What I'm saying is that title is nothing without context. If you're talking to investors, use co-founder (technical or operations). If you're talking to potential clients, use head, president, co-founder, or just say it's your company. Most owners are not actual CEOs, no matter what they call themselves. The obligations of a CEO are specific, and most small companies don't even have a board of directors for which they need a c-suite. You can be managing partner, partner, president, co-founder, or whatever you like without any of the chief names. Just understand your audience and what the implied expectations are for very specific titles in the c-suite.

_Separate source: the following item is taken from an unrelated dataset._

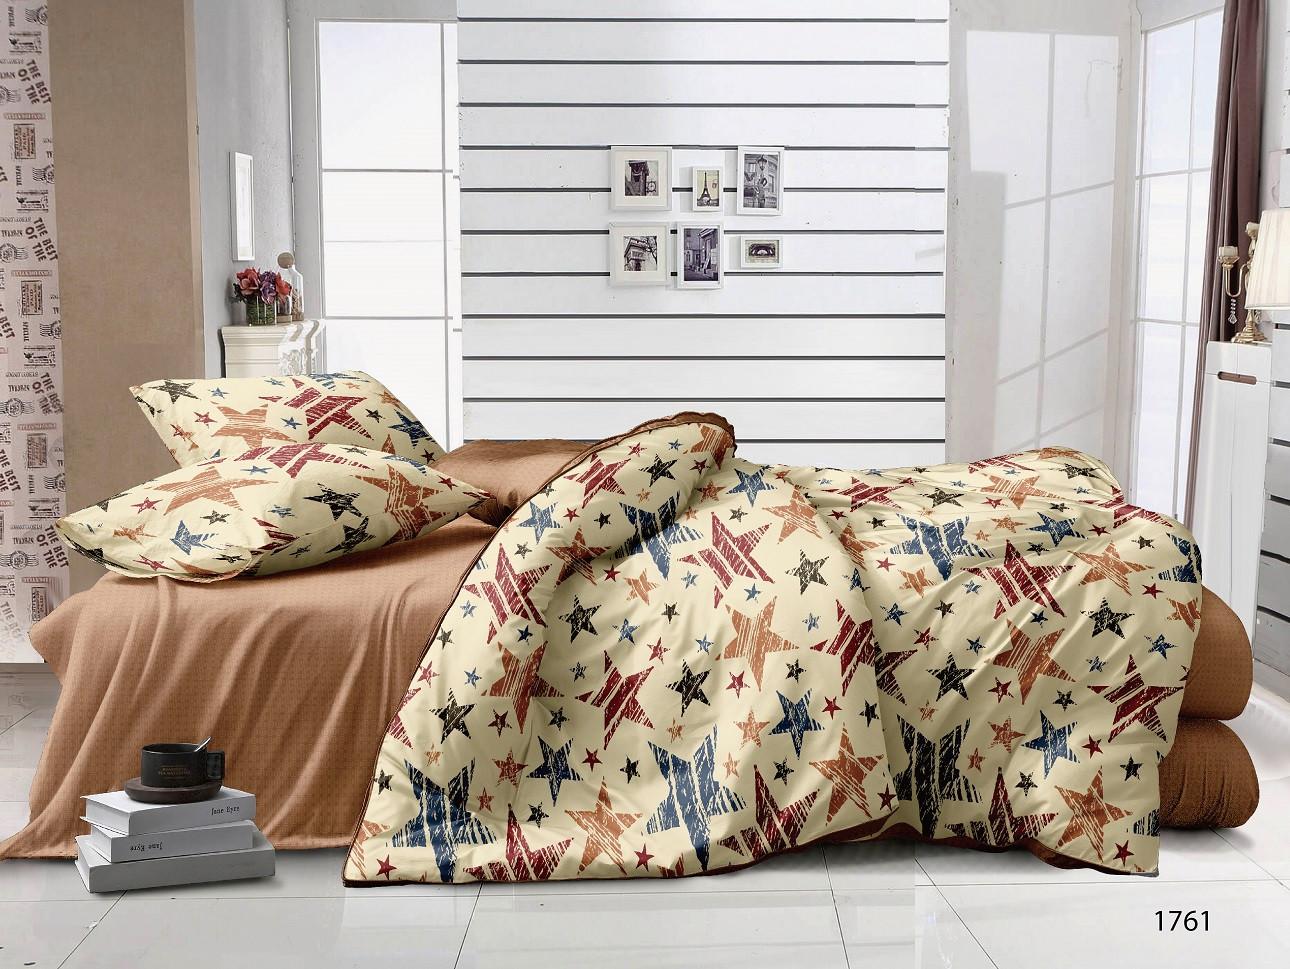 Комплекты постельного белья SVANtex svx651502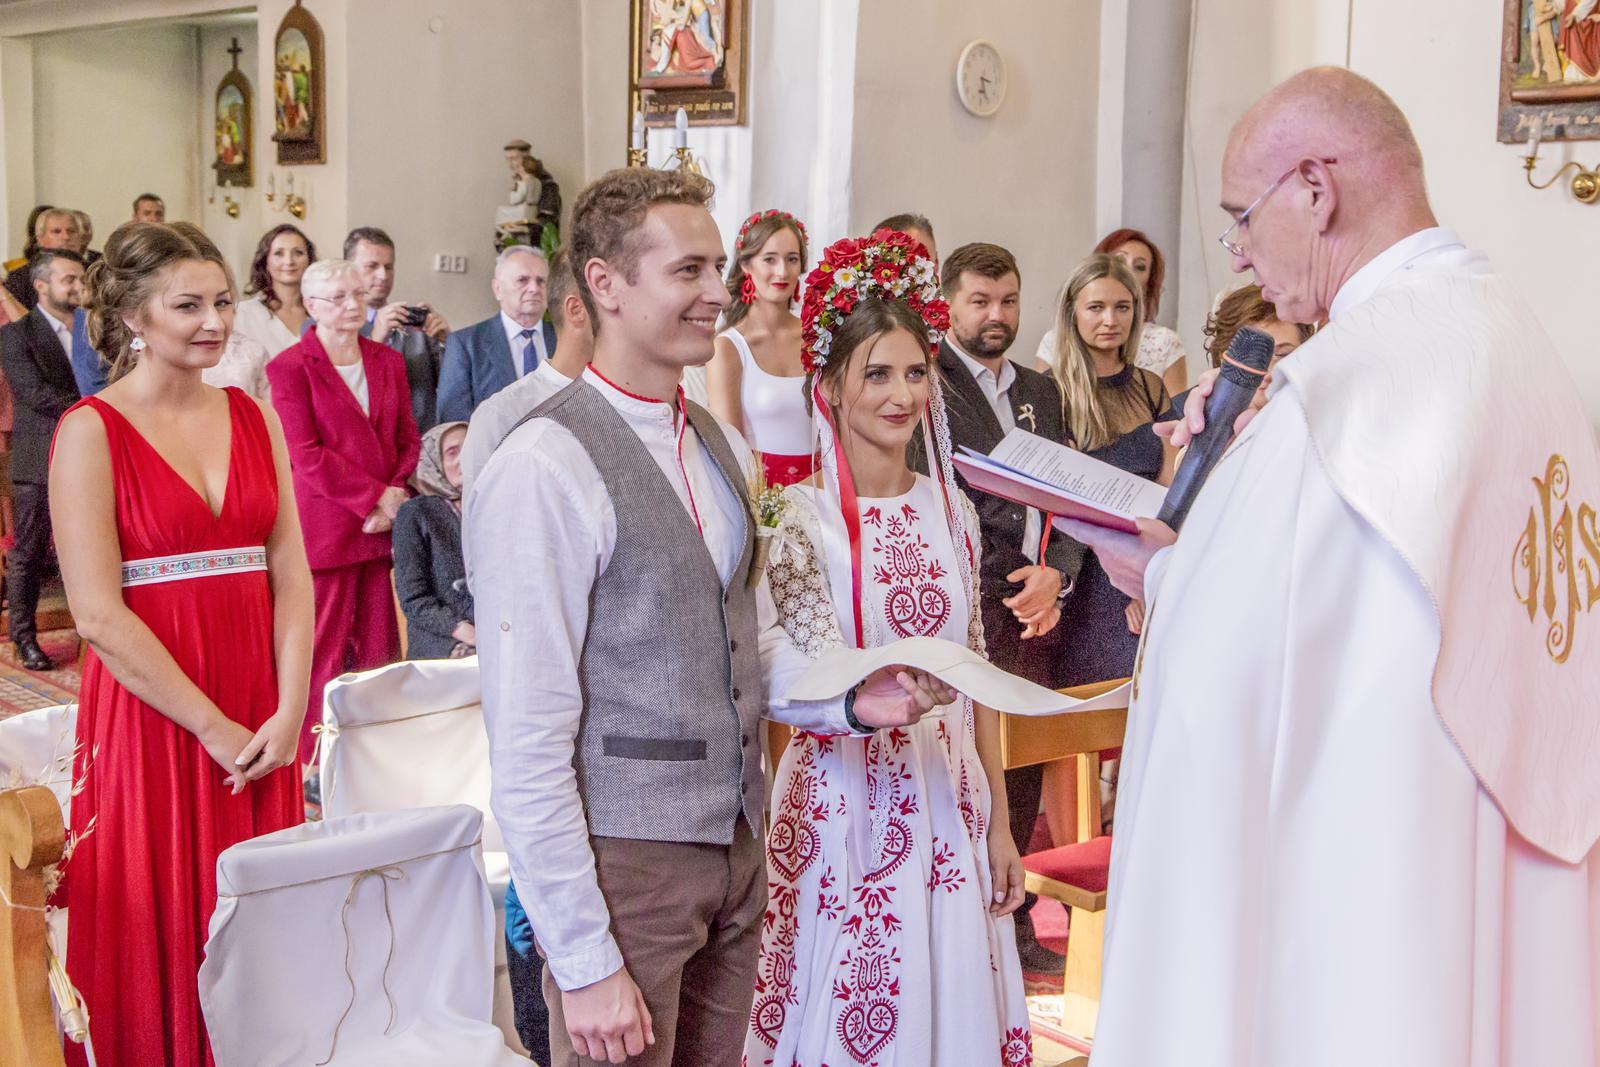 Svadba Majka a Vilko - Vinné 2018 - Obrázok č. 20

I find it very wise to describe your actual responsibilities and not utilize inflated titles. Your business card can say FULL STACK DEVELOPER and you can still be the co-founder or head of software development. If you need to talk to other developers, being one of them will be to your advantage.

I agree with Carl, you don't "need" a title. It's only another tool to communicate something when you can't have an introduction any other way.

Carl Hunter Roach @CarlHunterRoach

December 10th, 2018

I think, for most of time, you don't need a job title. You're busy "essentially developing product full stack, designing the data model and designing and implementing the infrastructure within AWS"

If you feel you need a job title I suggest you list the likely groups you'd use it in front of, over the next ~6 months. You may then see you need a couple of job titles (or none).

For LinkedIn, keep it simple "Co-founder" and use your profile text to pitch your start-up.

Chris Roth Technical cofounder looking for cofounder

December 20th, 2018

I wouldn't worry too much, just focusing on building the thing. "Founder", "Partner", "Cofounder", or even "Tech Cofounder" would be ok. Even CTO is fine because as a few others have mentioned, most people understand that CTO doesn't mean the same thing at a 3 person company as it does at a 30,000 person company. CTO does sound a tad cheesy, but it's a startup, so you're already playing the game of breaking status quo. I also like the "Head of" suggestion.

Andrew Chalk Co-Founder of a startup. CEO of a startup. CTO of a Hedge Fund. Quantitative Researcher. Superb COO.

December 13th, 2018

"Full Stack Developer" is a description of your software domain, not a job title. I would stick to the universal "CTO" designation, even when at the first design stage. One caveat: CTO can be interpreted as a hardware /networking responsibility. "Director (or VP) of Software Engineering" may be more to your taste if you deal (almost) exclusively with software.